K-numberK251440
Device nameCRYOcheck Chromogenic Factor VIII
ApplicantPrecision Biologic, Inc.
Product codeGGP
Device classClass II
Decision dateAug 25, 2025
DecisionSubstantially Equivalent
Regulation864.7290
AI Summary extracted from FDA summary PDF · never regenerated
Intended use

CRYOcheck Chromogenic Factor VIII is an in vitro diagnostic test for clinical laboratory use that quantitatively measures factor VIII activity in citrated human plasma. It is used to identify factor VIII deficiency and aid in managing hemophilia A in patients aged 2 years and older.

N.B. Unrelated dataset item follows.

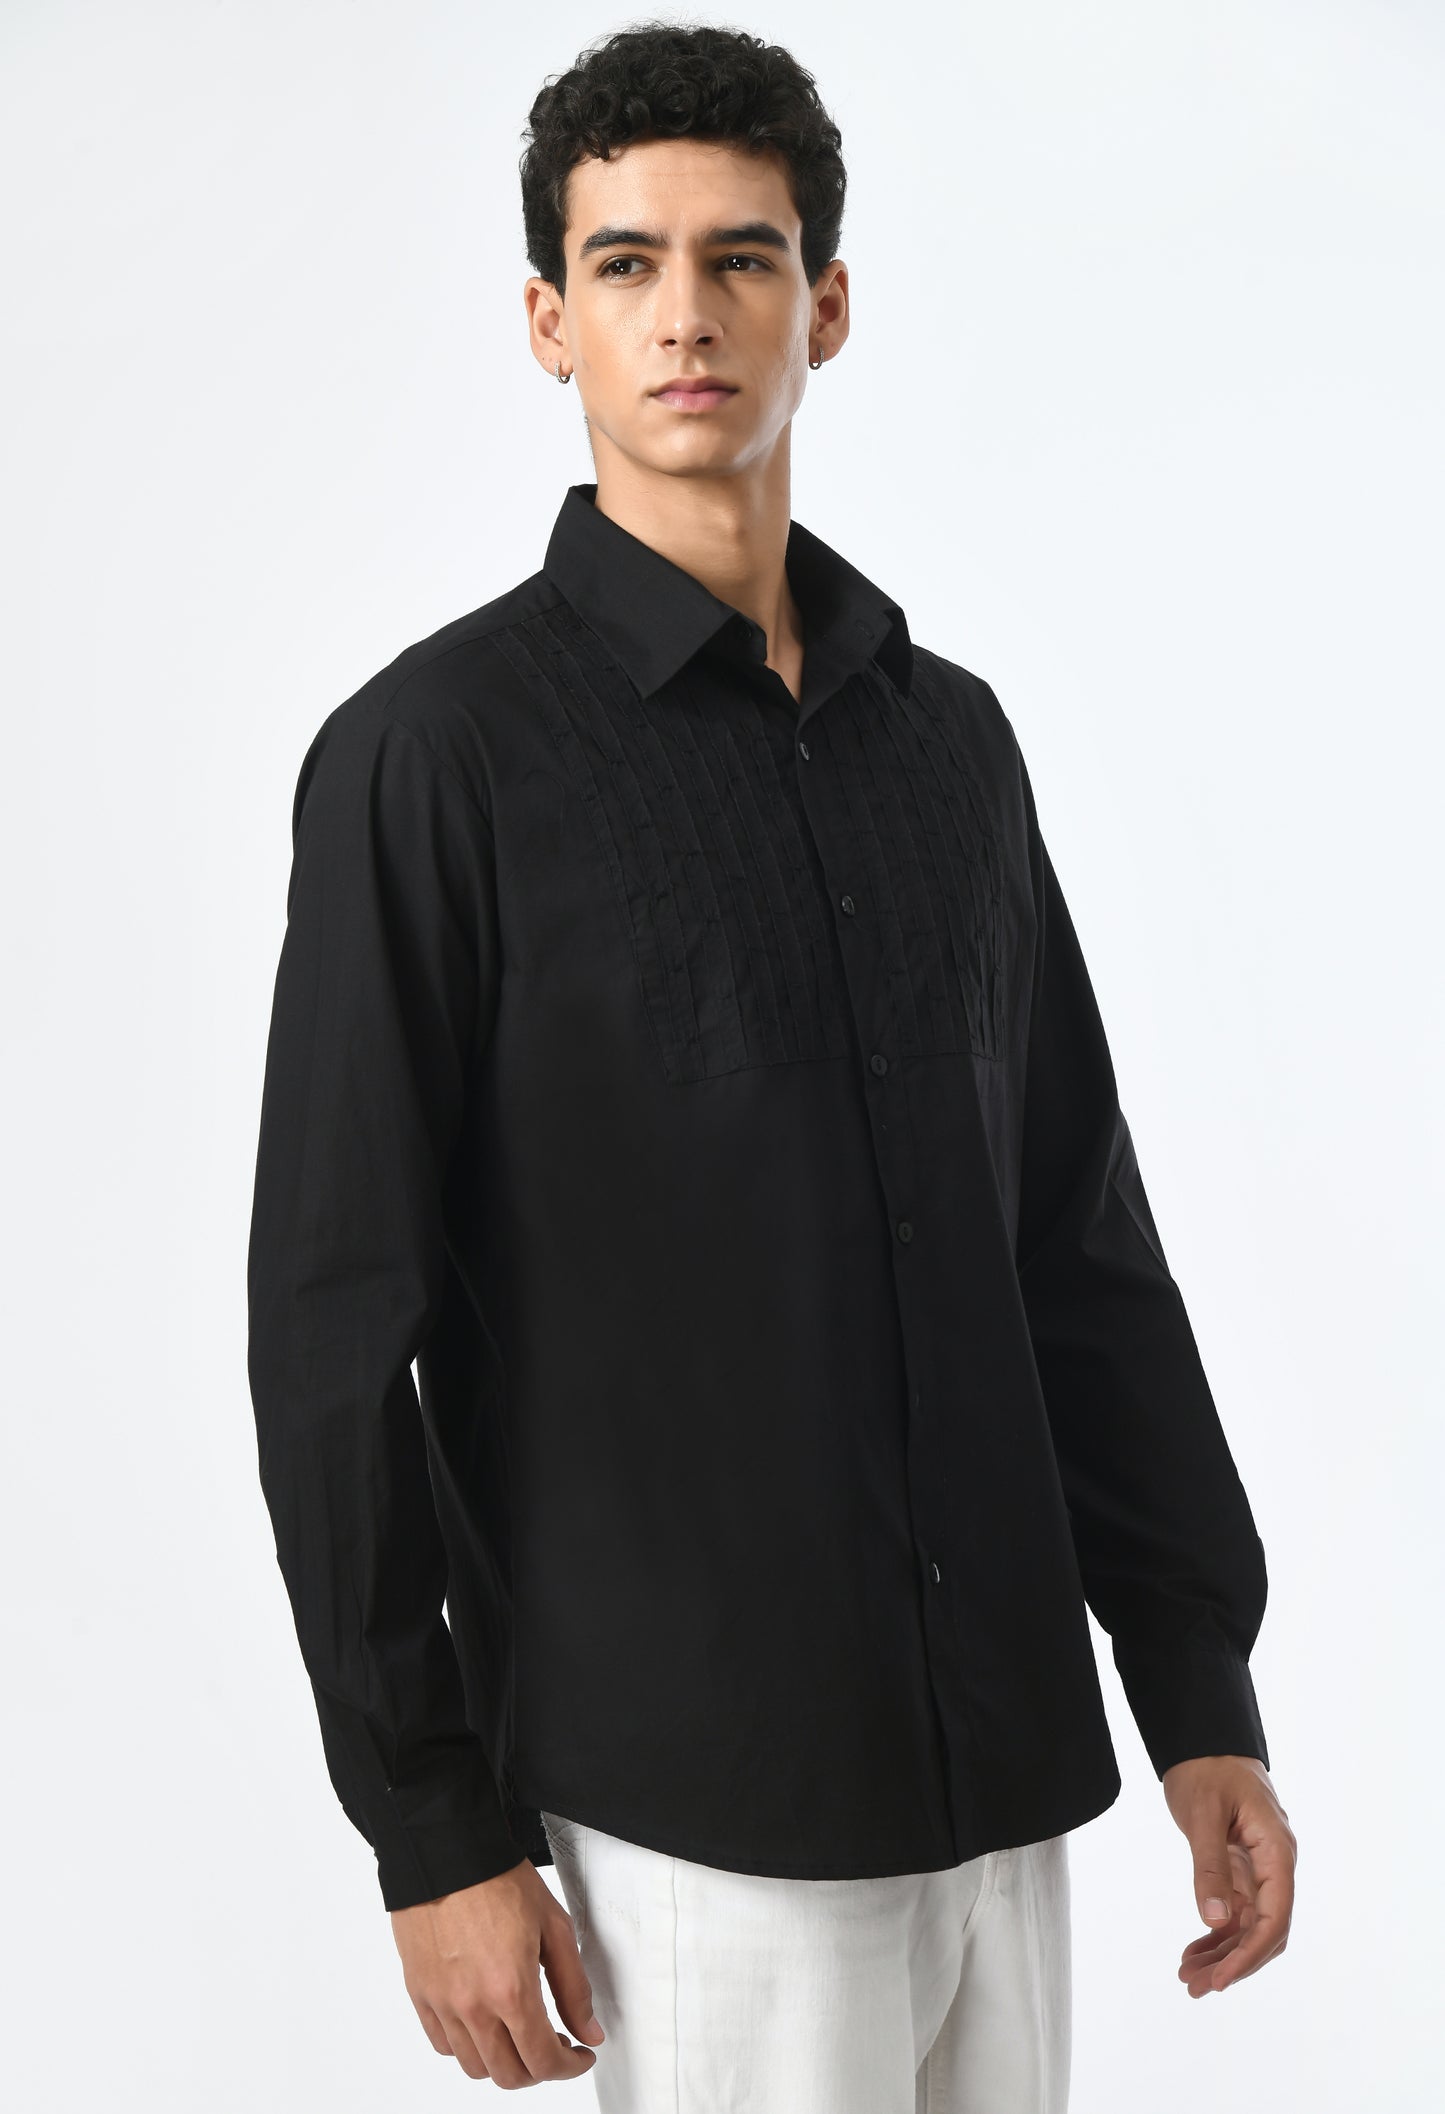 Semi-formal look men's black shirt.

Technological characteristics

The device uses a two-stage chromogenic assay principle. In stage one, test plasma is mixed with calcium, phospholipids, human thrombin, FIXa, and bovine FX to activate factor VIII. In stage two, factor Xa production is measured by cleavage of a chromogenic substrate, with results expressed as percent activity relative to a calibration curve. The key modification from the predicate is substitution of bovine FIXa for human FIXa in Reagent 2.

Test standards cited

Interference studies were conducted according to CLSI EP07-A3 (Clinical and Laboratory Standards Institute guideline for evaluating interference).

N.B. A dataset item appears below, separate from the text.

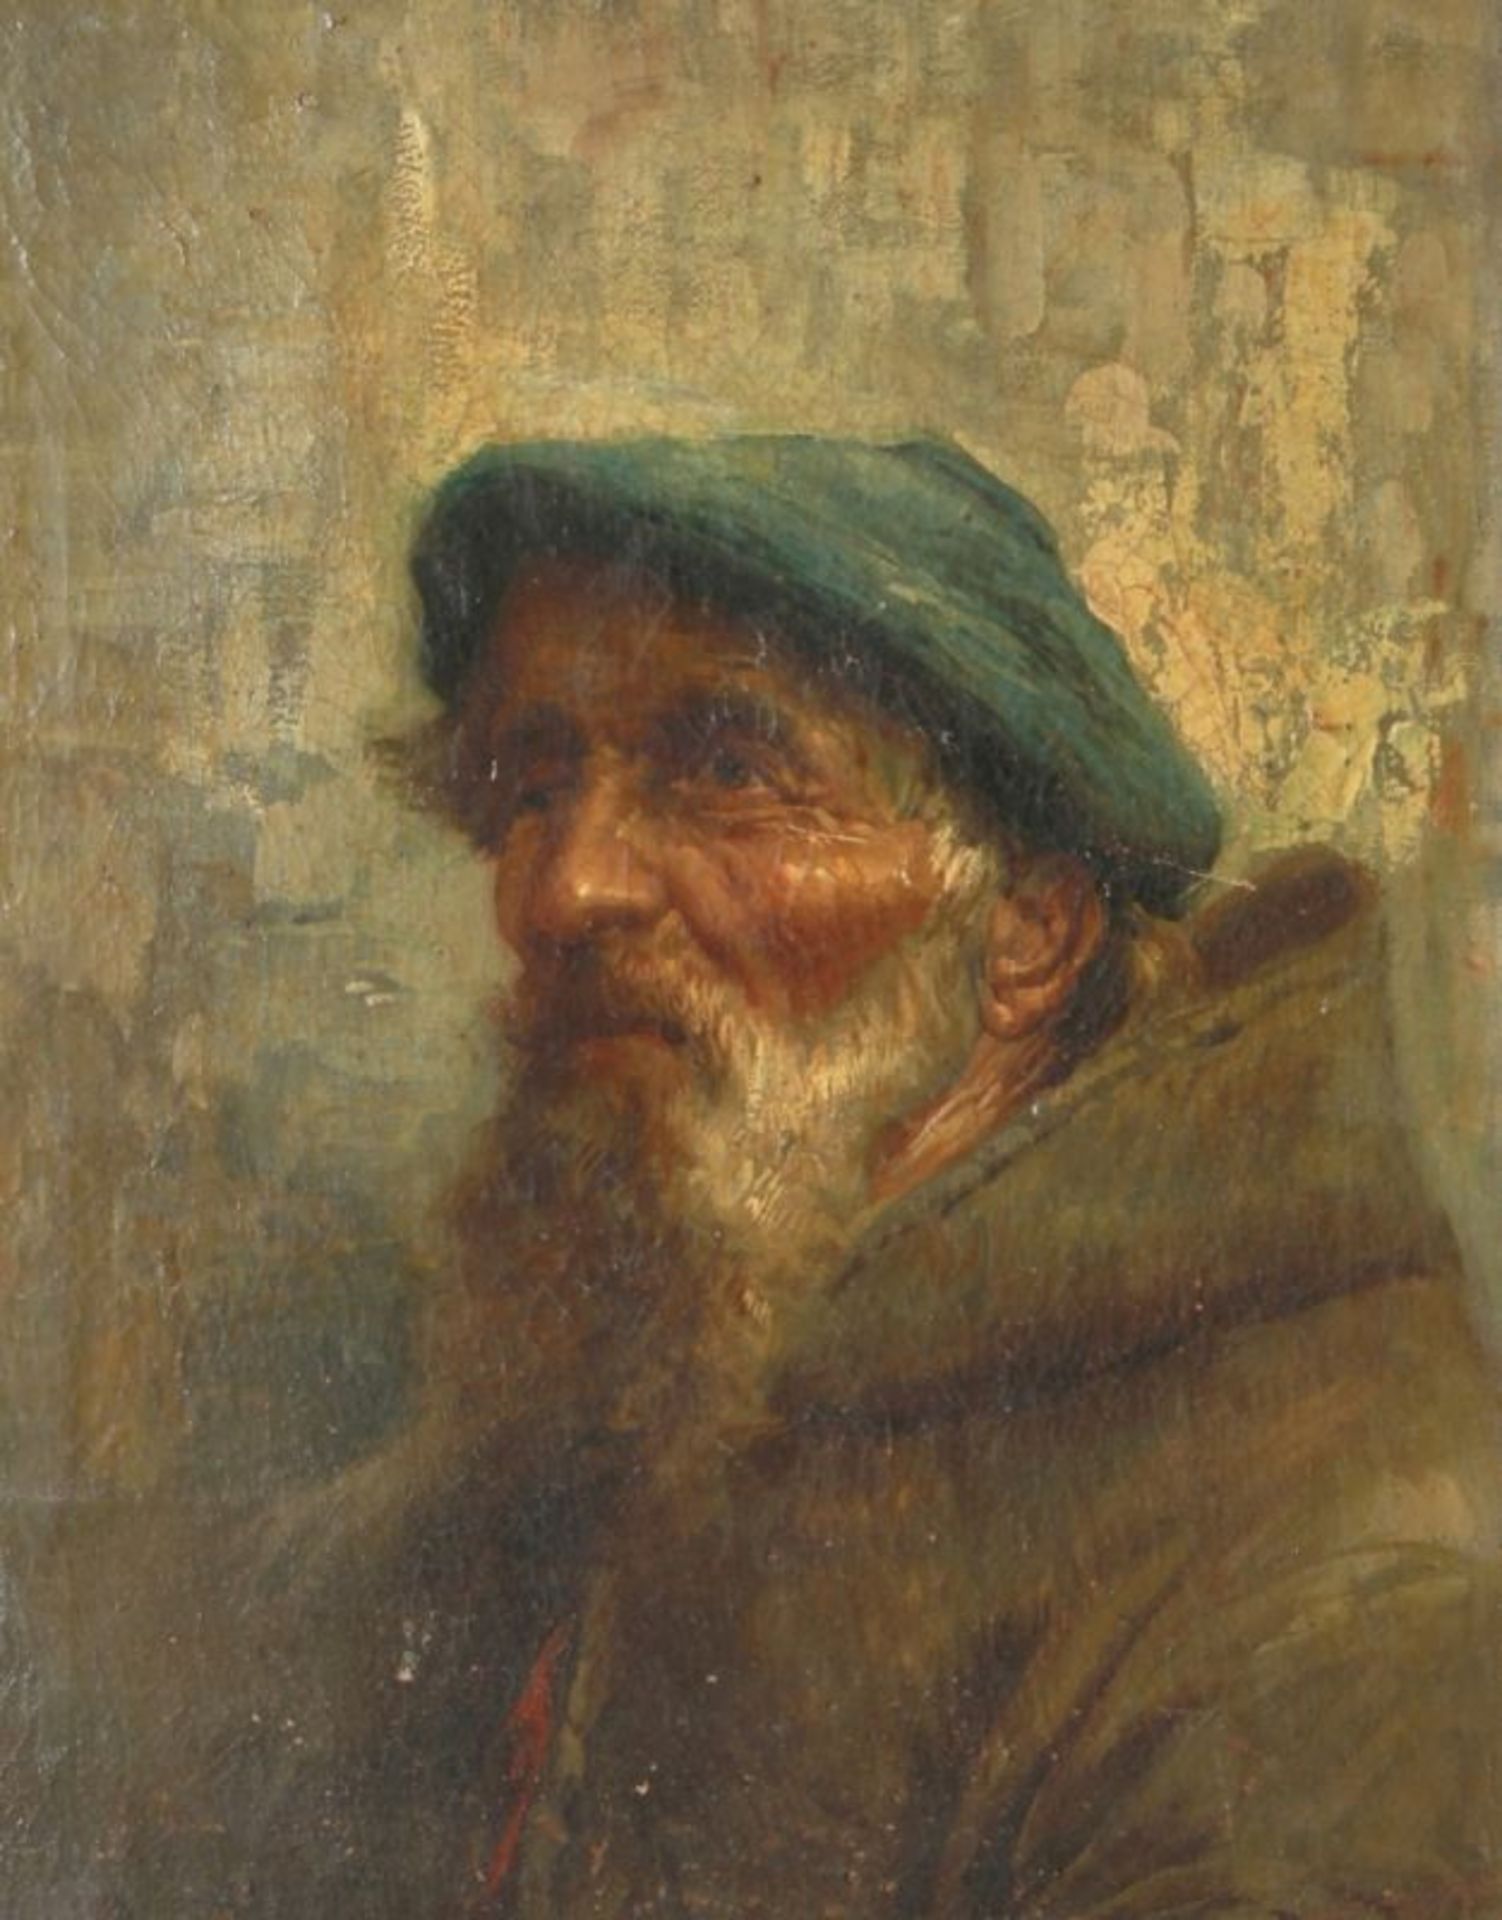 Anonymer Maler, 19./20. Jh. "Portrait eines alten Mannes", Öl/Lw., 30,5 x 23 cm

Substantial equivalence argument

The applicant demonstrated substantial equivalence by showing that all performance characteristics—including precision, reproducibility, accuracy, reference intervals, shelf-life stability, in-use stability, linearity, and detection capability—are substantially equivalent to the predicate device K193204. The primary change (bovine FIXa replacing human FIXa) and expanded interference/recovery claims were supported by comprehensive performance testing on the same instrument platforms, with results showing the modified device performs identically to the predicate for its intended use.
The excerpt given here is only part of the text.